Polyrhachis sokolova

Scientific classification
- Kingdom: Animalia
- Phylum: Arthropoda
- Clade: Pancrustacea
- Class: Insecta
- Order: Hymenoptera
- Family: Formicidae
- Subfamily: Formicinae
- Genus: Polyrhachis
- Subgenus: Chariomyrma
- Species: P. sokolova
- Binomial name: Polyrhachis sokolova Forel 1902

= Polyrhachis sokolova =

- Authority: Forel 1902

Species of ant

 Polyrhachis sokolova is a species of ant from Australia and New Guinea that recently was discovered to be capable of surviving tidal inundations.

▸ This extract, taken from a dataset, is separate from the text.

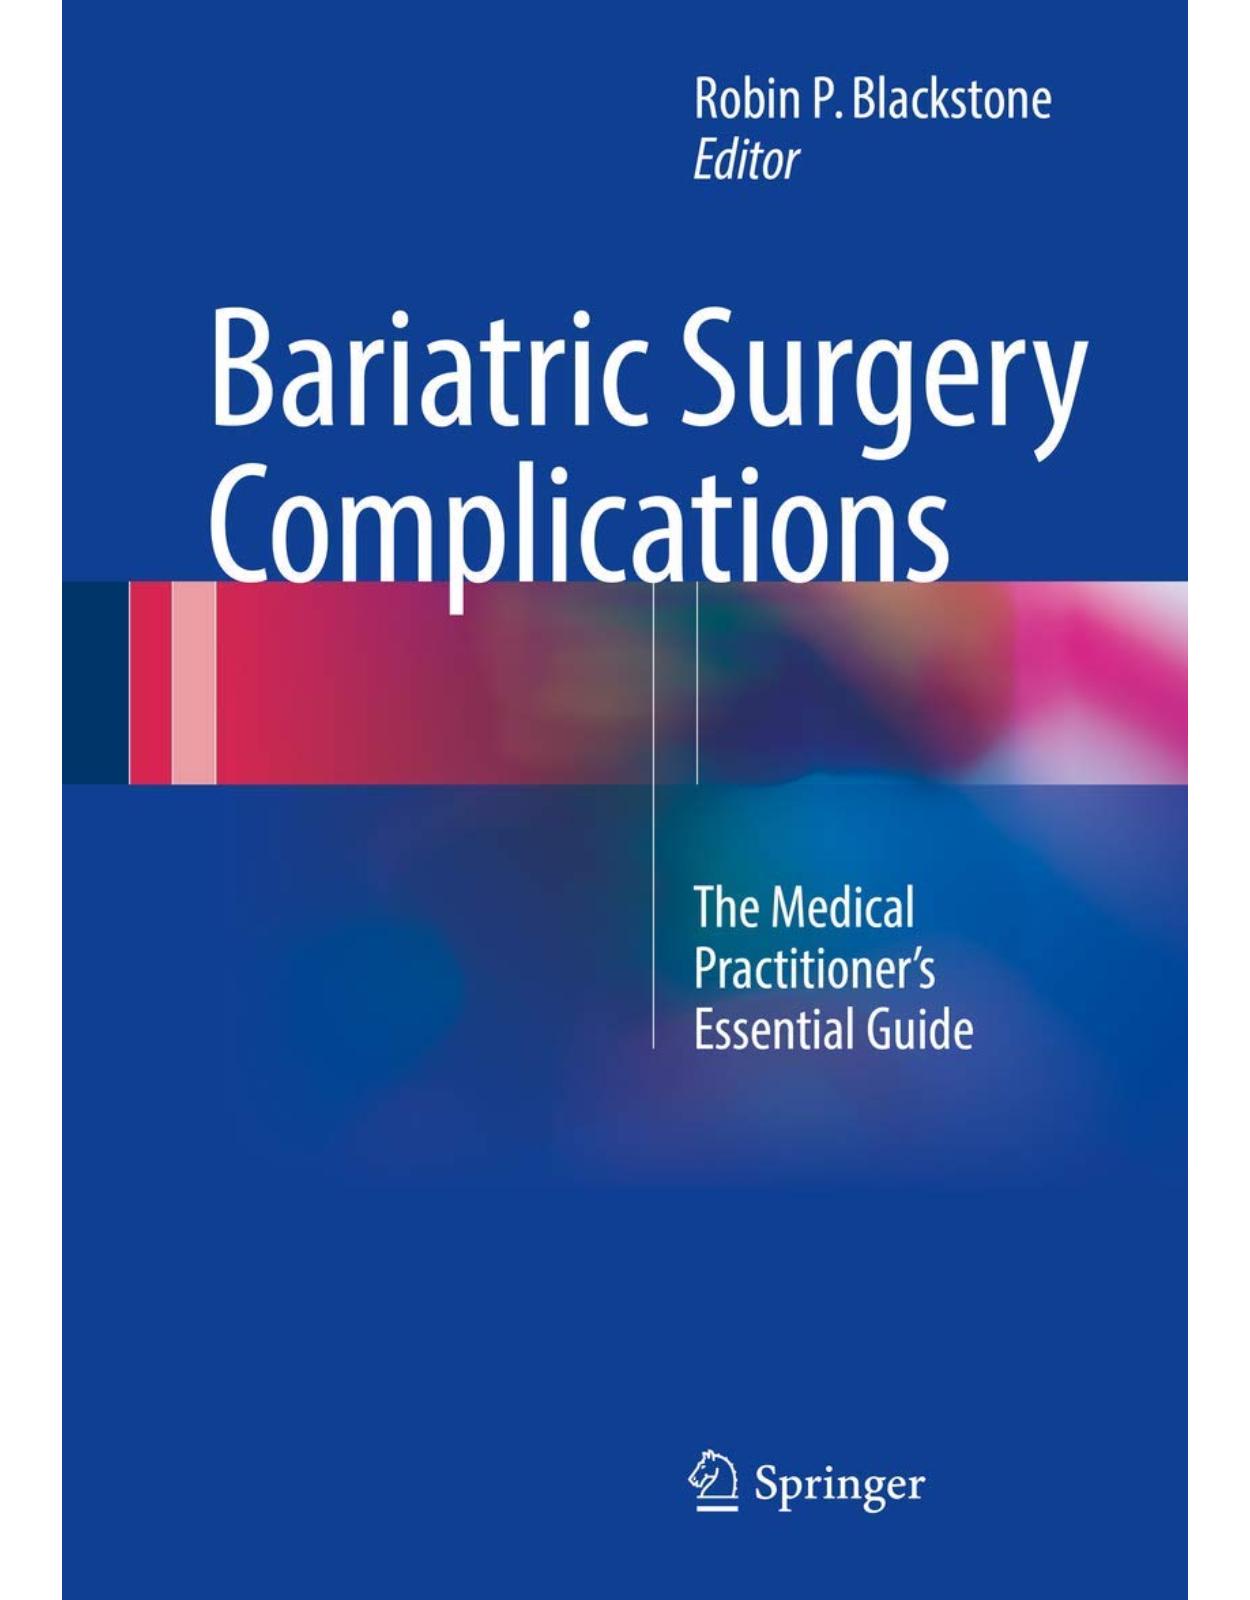 Bariatric Surgery Complications: The Medical Practitioner’s Essential Guide

Researchers at the James Cook University gained attention in 2006 after finding and reporting this behavior. Polyrhachis sokolova nests in mud in mangrove swamps, regularly inundated by rising tides. They survive these inundations in pockets of air that are trapped within the nest. This lifestyle calls for regular moving of their eggs, larvae and cocoons to stay ahead of water trickling into the nest passages. A large amount of effort is expended on repairing water damage after each high tide. The ants are able to move across large stretches of water by either running on the surface tension skin or swimming with their legs below the surface. While swimming it has been documented that these ants are eaten by fish, mud skippers, and crabs.